Two of the country’s most experienced judges ruled last month that the media could identify Mr. Marandi.
They concluded that open justice was a fundamental principle and that anonymity should be permitted only in exceptional circumstances.
“My only surprise is that the anonymity order was granted in the first place,” said Mr. Justice Mostyn. It should never have been granted due to procedural inequity and a clear absence of merit.”
The expression “political bombshell”
Duncan Hames, Transparency International UK’s policy director, said the Conservative Party had questions.
“This is a political bombshell,” he declared. “Today, we learned that a donor of hundreds of thousands of dollars to a British political party was, in the words of the judge, an important figure in court proceedings concerning a significant money-laundering operation.
“This should be concerning not only to those who are concerned about where the money came from.
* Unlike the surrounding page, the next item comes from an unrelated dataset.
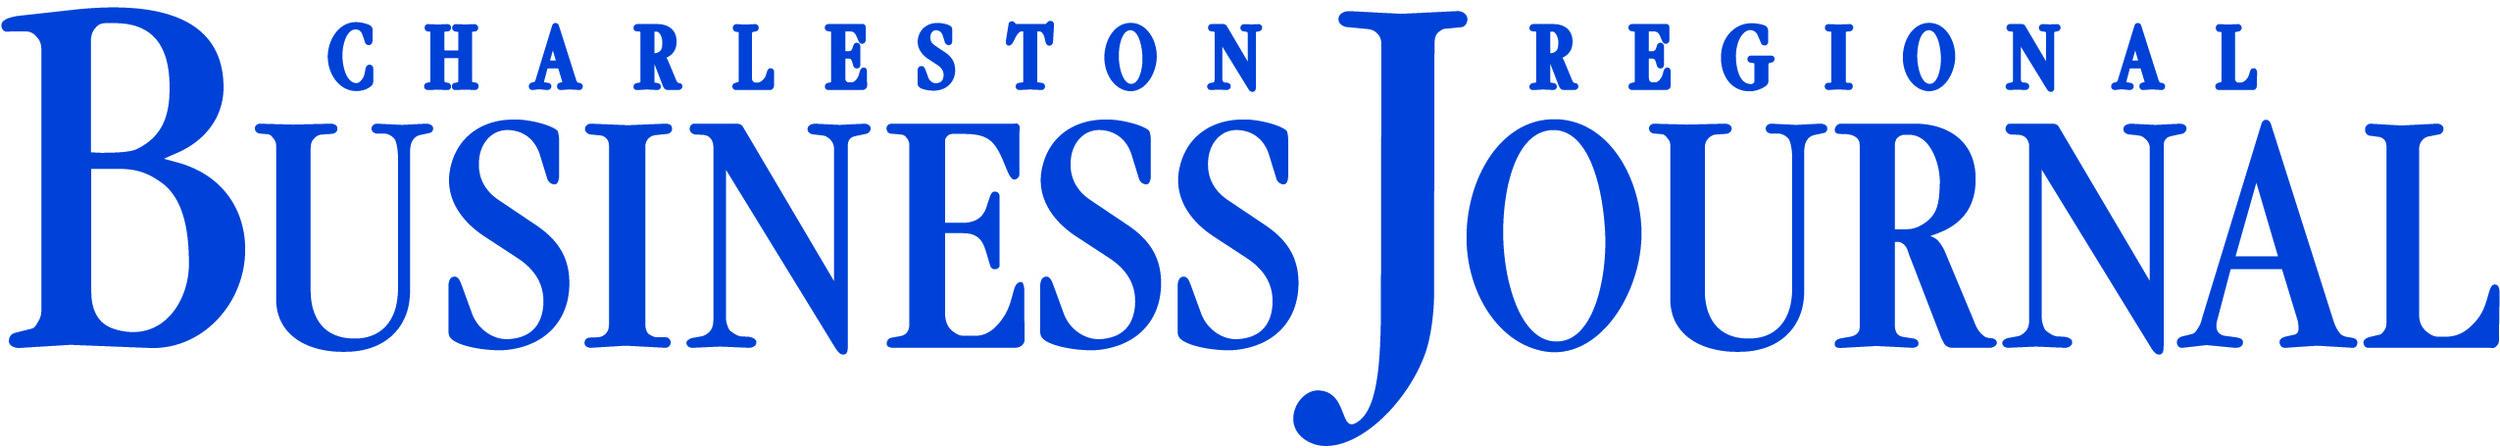 Business Journal LOGO.JPG
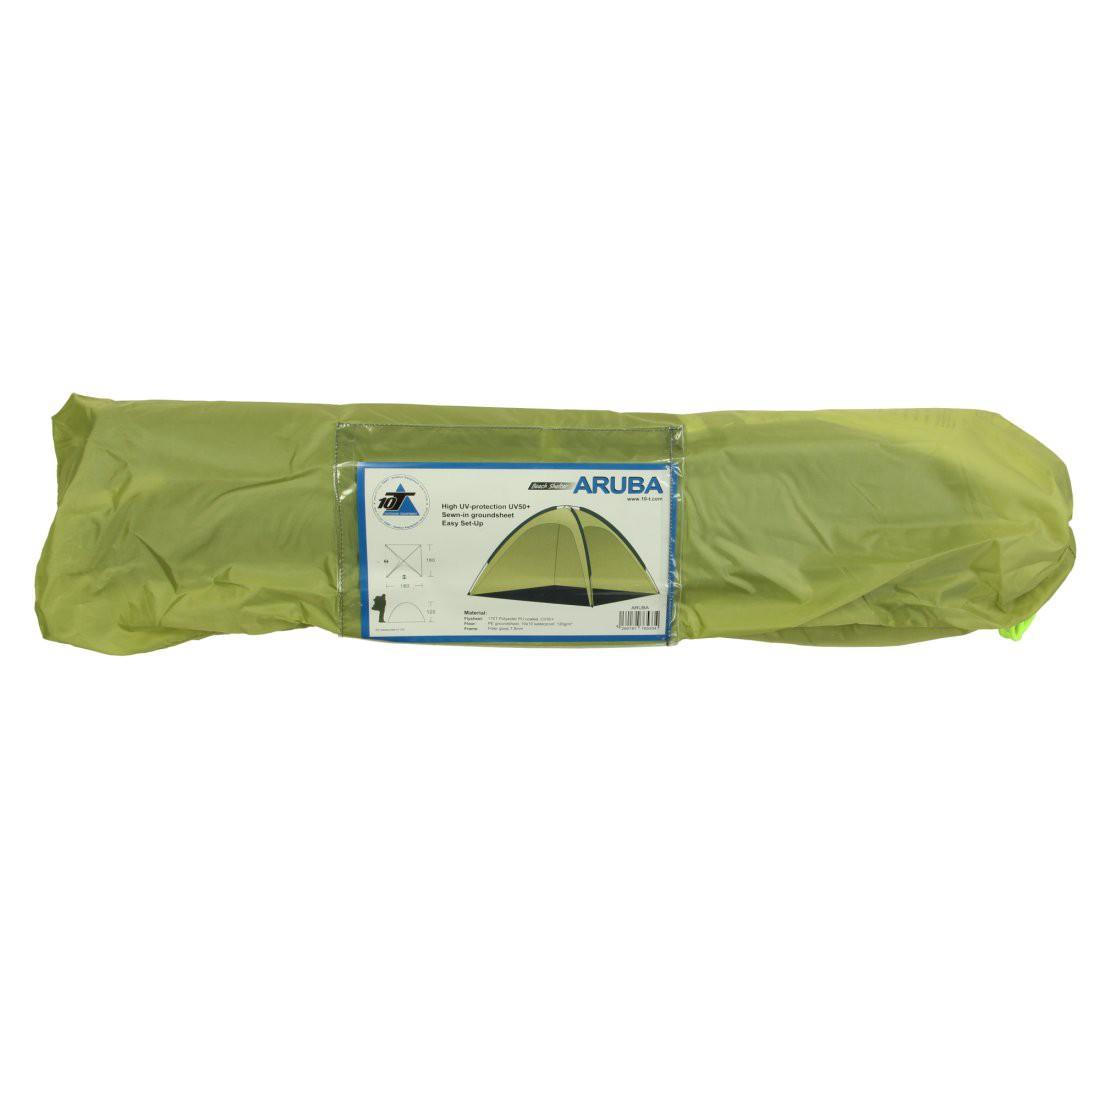 Aruba XL UV 50 Strandmuschel Strandzelt 180x180x120cm Windschutz Sonnenschutz

It also shows how easy it is for money to enter political parties without sufficient checks on its sources.”
The former Liberal Democrat representative continued, “It is insufficient to merely verify that a person is on the electoral register. Our political parties must be much more selective about the donors they accept.
A spokesperson for the Conservative Party stated in a statement that the party only receives donations from “permissible sources, namely UK electoral roll-registered individuals and UK-registered companies.”
“Donations are properly and transparently declared to the Electoral Commission, openly published by them, and fully comply with the law.”